> [Problem details]
A verbatim restatement of the data, free of pictures, is what you should output.
[[ Dataset section open ]]
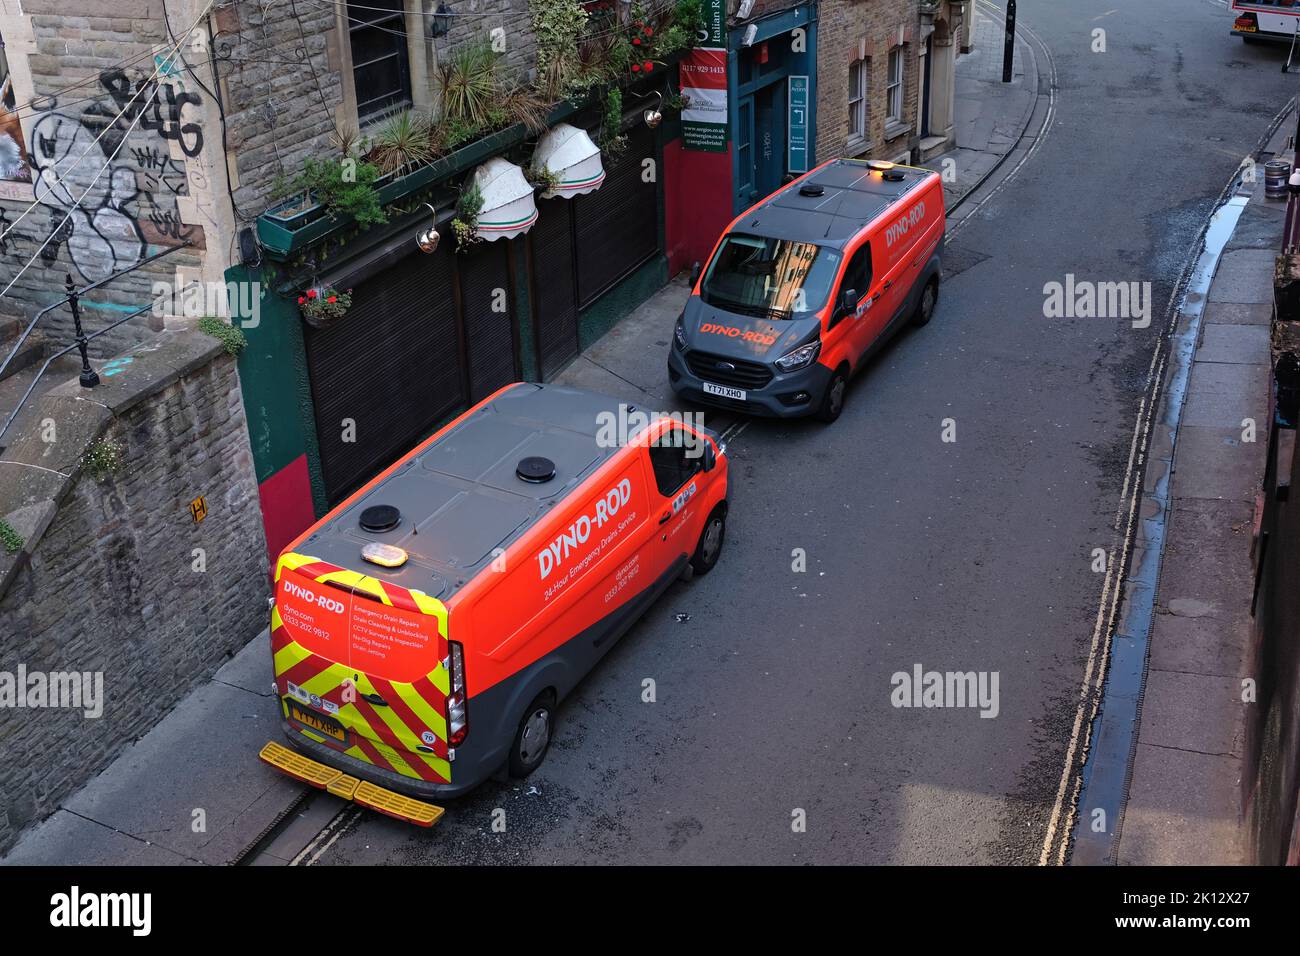 Two Dyno-Rod vans outside a building Stock Photo
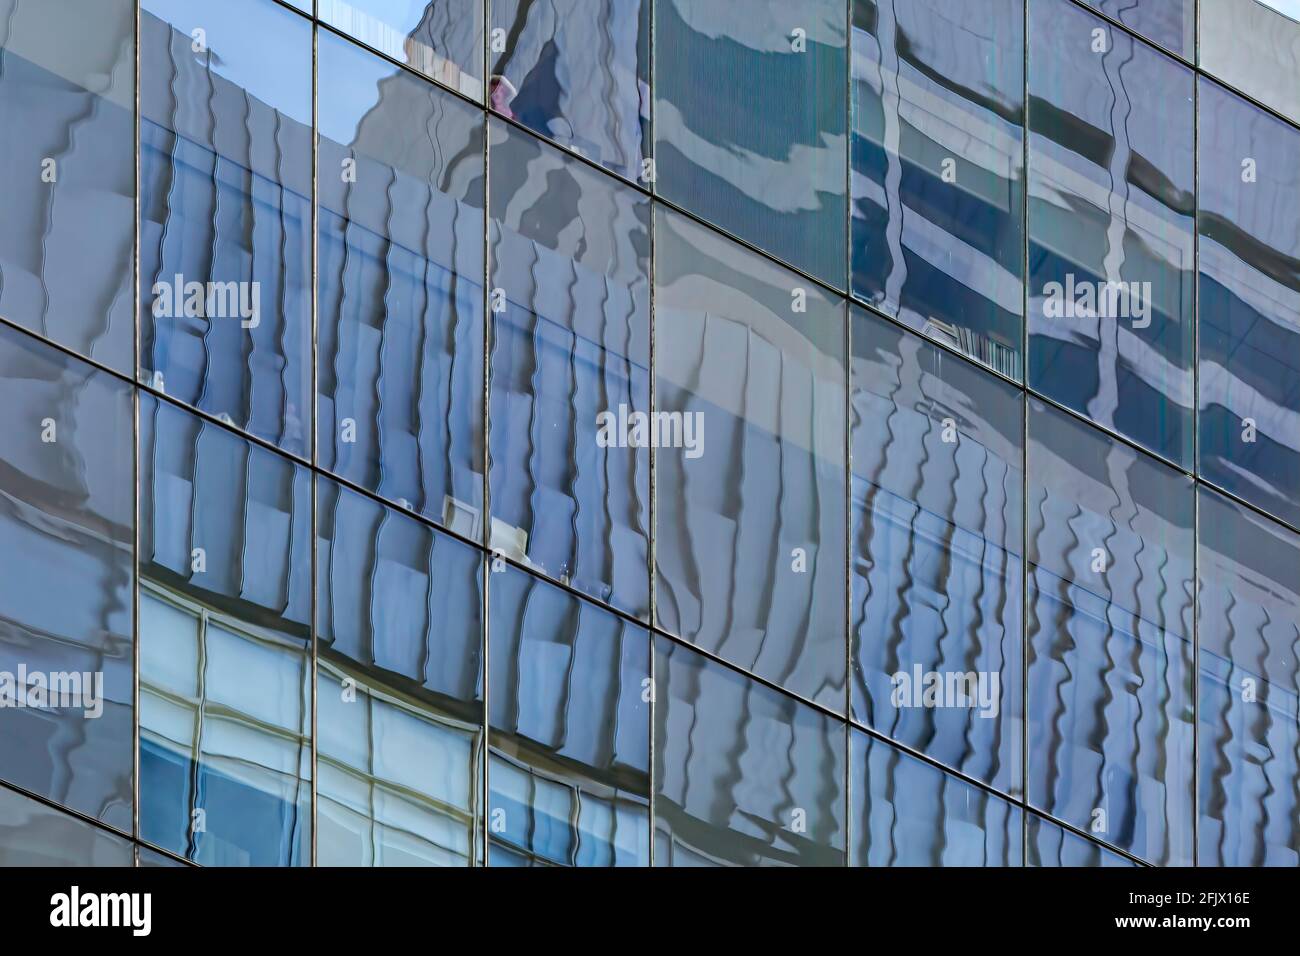 Reflective glass and steel grids in New York City office skyscrapers. Stock Photo
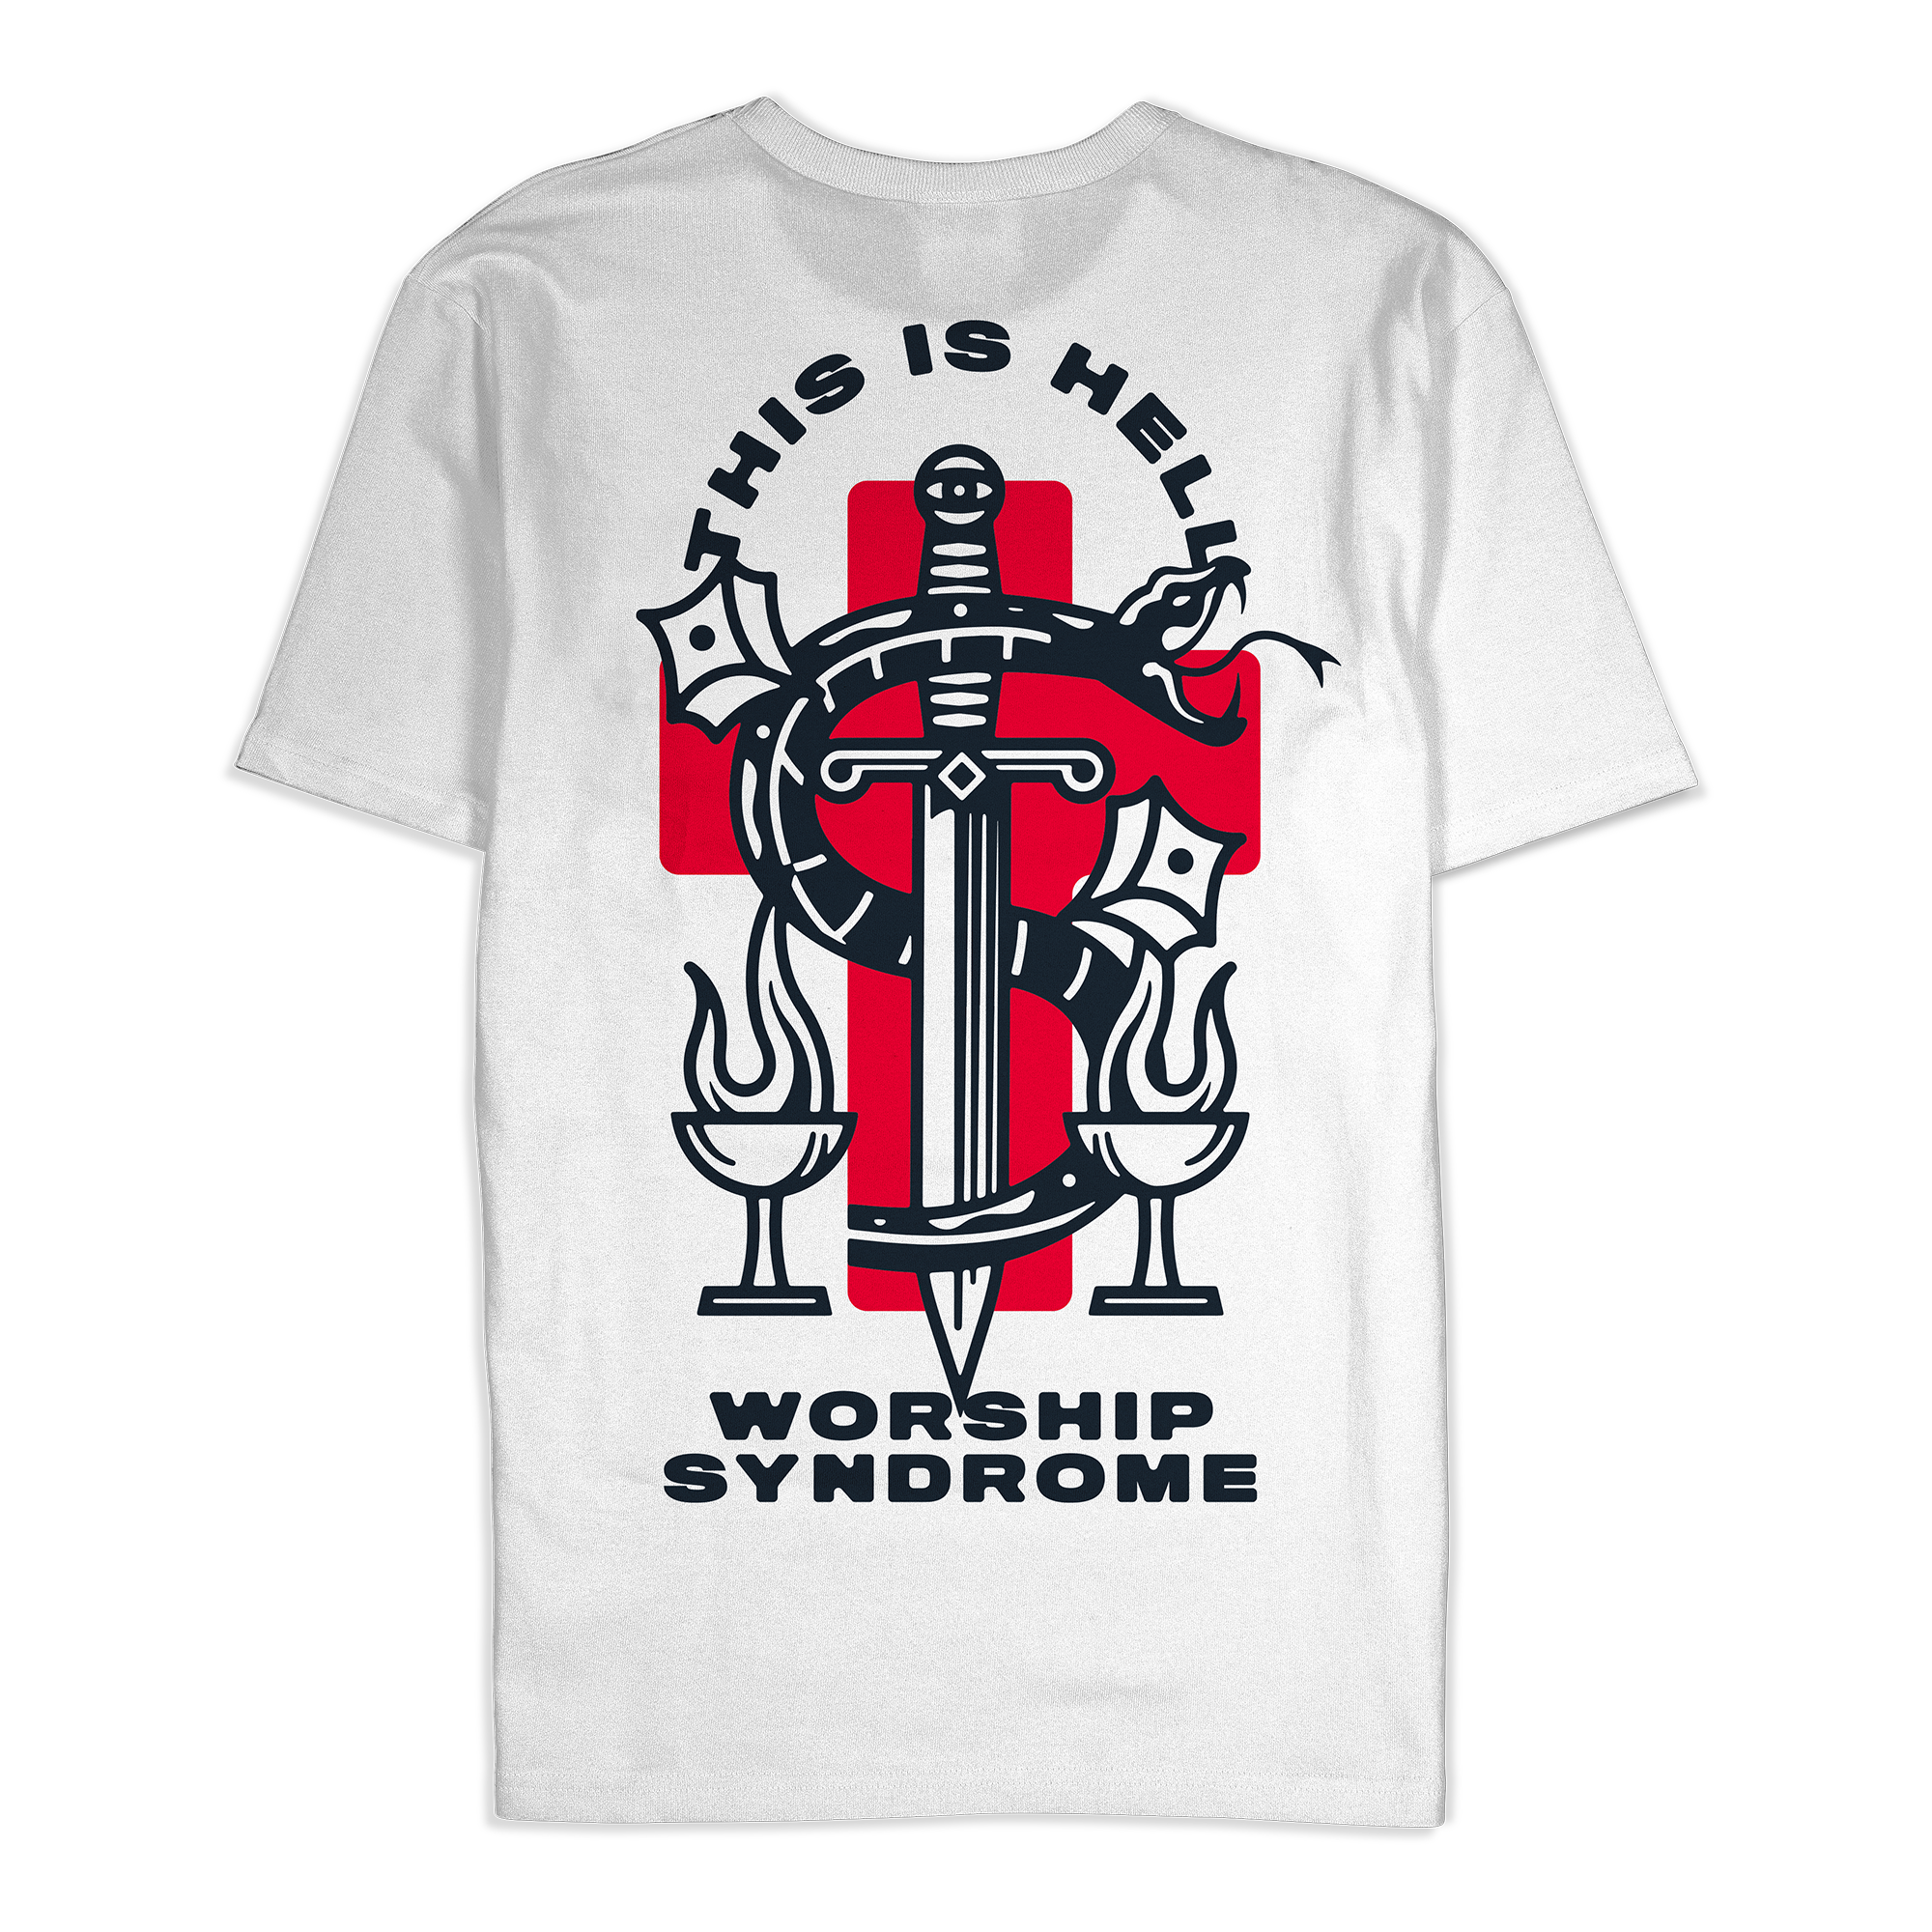 This Is Hell - Worship Syndrome Shirt
[[ Dataset section closed ]]
> [Exercise response]
 Two Dyno-Rod vans outside a building Stock Photo
 Reflective glass and steel grids in New York City office skyscrapers. Stock Photo
 This Is Hell - Worship Syndrome Shirt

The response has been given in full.